- **YOUR INSTRUCTIONS**: Copy each entry below verbatim. Skip the pictures.

- **PROVIDED DATA**:
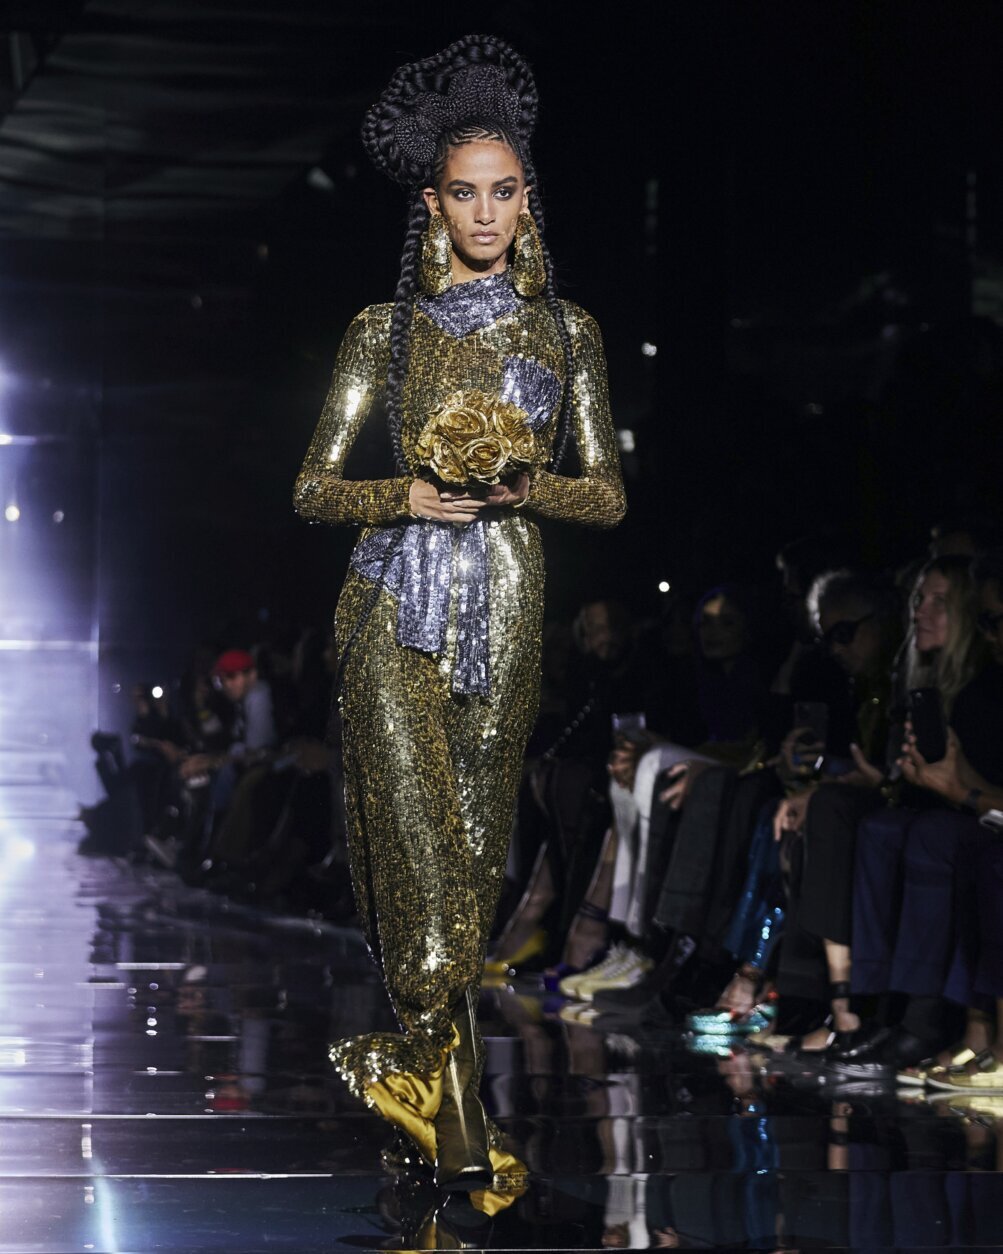 Tom Ford closes Fashion Week with big hair, miles of sparkle - WTOP News
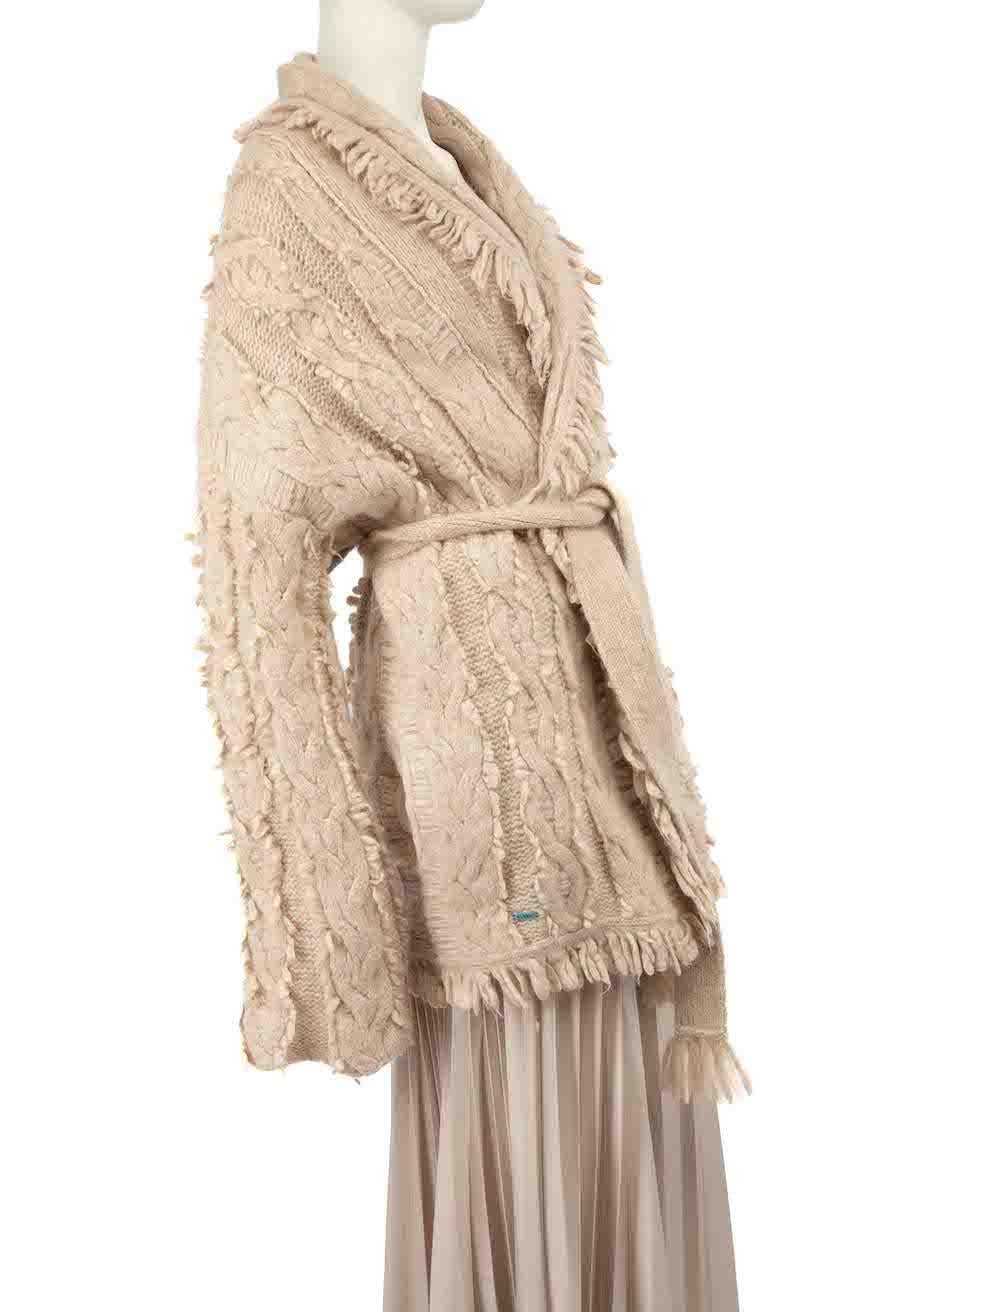 CONDITION is Very good. Hardly any visible wear to cardigan is evident on this used Alanui designer resale item.
 
 
 
 Details
 
 
 Beige
 
 Alpaca
 
 Knit cardigan
 
 Striped pattern
 
 Fringe edge
 
 Belted
 
 2x Side pockets
 
 
 
 
 
 Made in

- **ANSWER FOR THIS EXERCISE**:
 Tom Ford closes Fashion Week with big hair, miles of sparkle - WTOP News
 CONDITION is Very good. Hardly any visible wear to cardigan is evident on this used Alanui designer resale item.
 
 
 
 Details
 
 
 Beige
 
 Alpaca
 
 Knit cardigan
 
 Striped pattern
 
 Fringe edge
 
 Belted
 
 2x Side pockets
 
 
 
 
 
 Made in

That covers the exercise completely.